Original Volume No. 1

 Contents / Previous / Next / Main Tariff Index

 

 

Effective Date: 04/01/2009, Docket: RP09-321-000, Status: Effective

Original Sheet No. 178 Original Sheet No. 178

 

MARKWEST PIONEER, L.L.C.

FORM OF CAPACITY RELEASE TRANSPORTATION SERVICE AGREEMENT

 

ARTICLE VI – REPLACEMENT SHIPPER’S INDEMNIFICATION

 

Replacement Shipper recognizes that its rights to transportation service hereunder

are solely those rights released by Releasing Shipper(s). The Replacement Shipper agrees

that it will indemnify Transporter against any claim or suite of any kind by any Releasing

Shipper, its successor or assigns arising from any action taken by Transporter in reliance

upon the nominations, scheduling instructions or other communications from Replacement

Shipper or its agents. Replacement Shipper further agrees that it will hold Transporter

harmless for any action taken by Transporter in reliance upon the nominations, scheduling

instructions or other communications of the Releasing Shipper or its agents. Replacement

Shipper further recognizes and agrees that Transporter shall have no obligation to honor any

nomination or scheduling request from Replacement Shipper or its agents that in

Transporter’s sole opinion conflicts with communications or instructions received by

Transporter from the Releasing Shipper (or is agents) which is the source of the released

transportation rights sought to be utilized by Replacement Shipper hereunder.

 

ARTICLE VII – MISCELLANEOUS PROVISIONS

 

7.1 No waiver by any party of any one or more defaults by the other in the performance

of any provisions of this Agreement shall operate or be construed as a waiver of any

future default or defaults, whether of a like or of a different character.

7.2 The headings of the articles of this Agreement are inserted for convenience of

reference only and shall not affect the meaning or construction thereof.
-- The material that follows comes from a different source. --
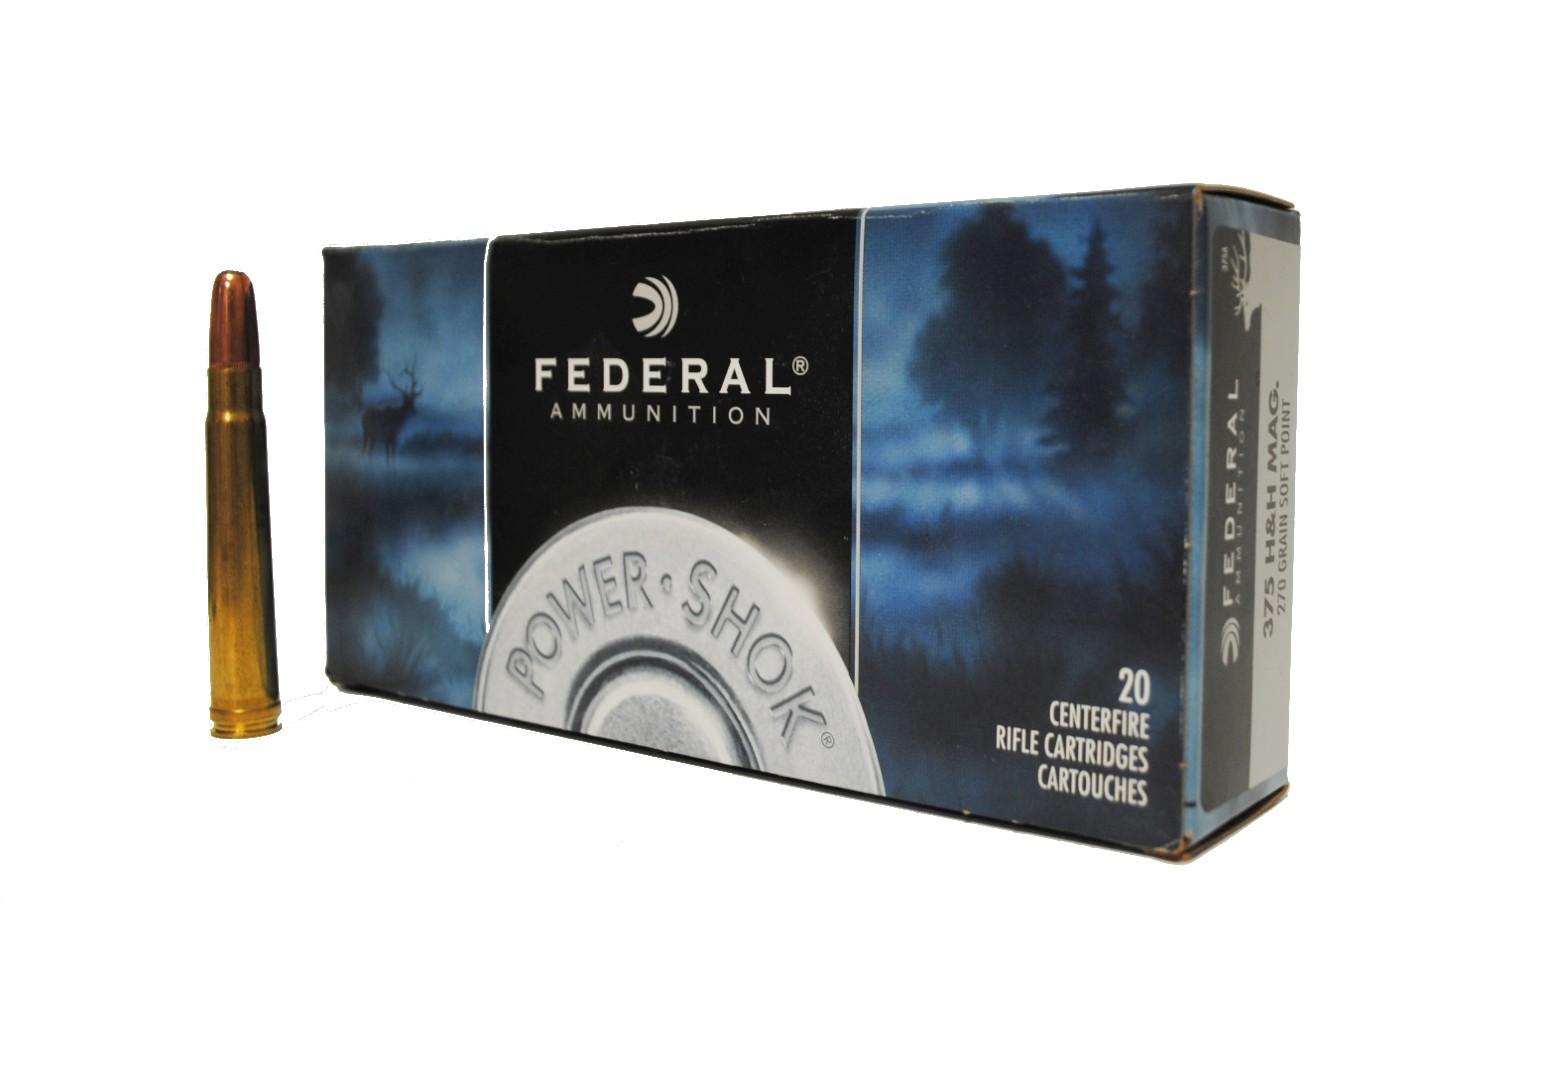 Boite de 20 cartouches FEDERAL SP calibre 375 HH  270 GRS F375A
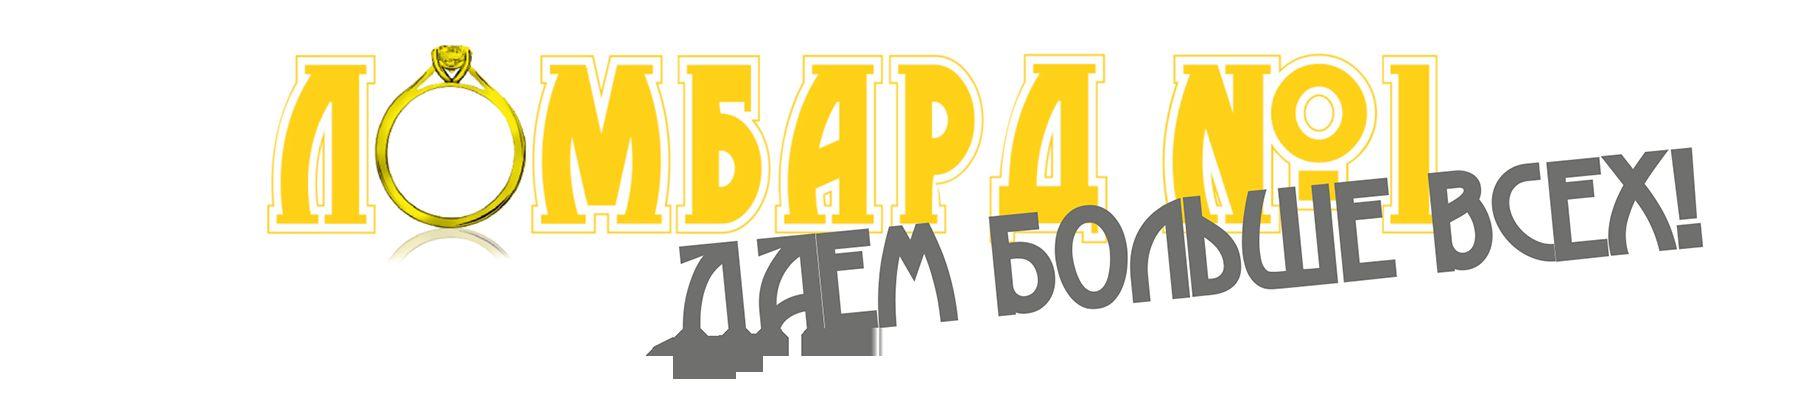 Дизайн логотипа Ломбард №1 - дизайнер csfantozzi

7.3 The interpretation and performance of this Agreement shall be in accordance with and

controlled by the laws of the State of Oklahoma, without regard to choice of law

doctrine that refers to the laws of another jurisdiction.

 

7.4 This Agreement, including all provisions expressly incorporated by reference,

constitutes the entire agreement between the parties pertaining to the subject

matter hereof and supersedes all prior agreements, representations, and

understandings, written or oral, pertaining thereto. Except as otherwise provided

herein, any modifications, amendments or changes to this Agreement shall be binding

upon the parties only if agreed upon in a written instrument executed by both

Parties which expressly refers to this Agreement.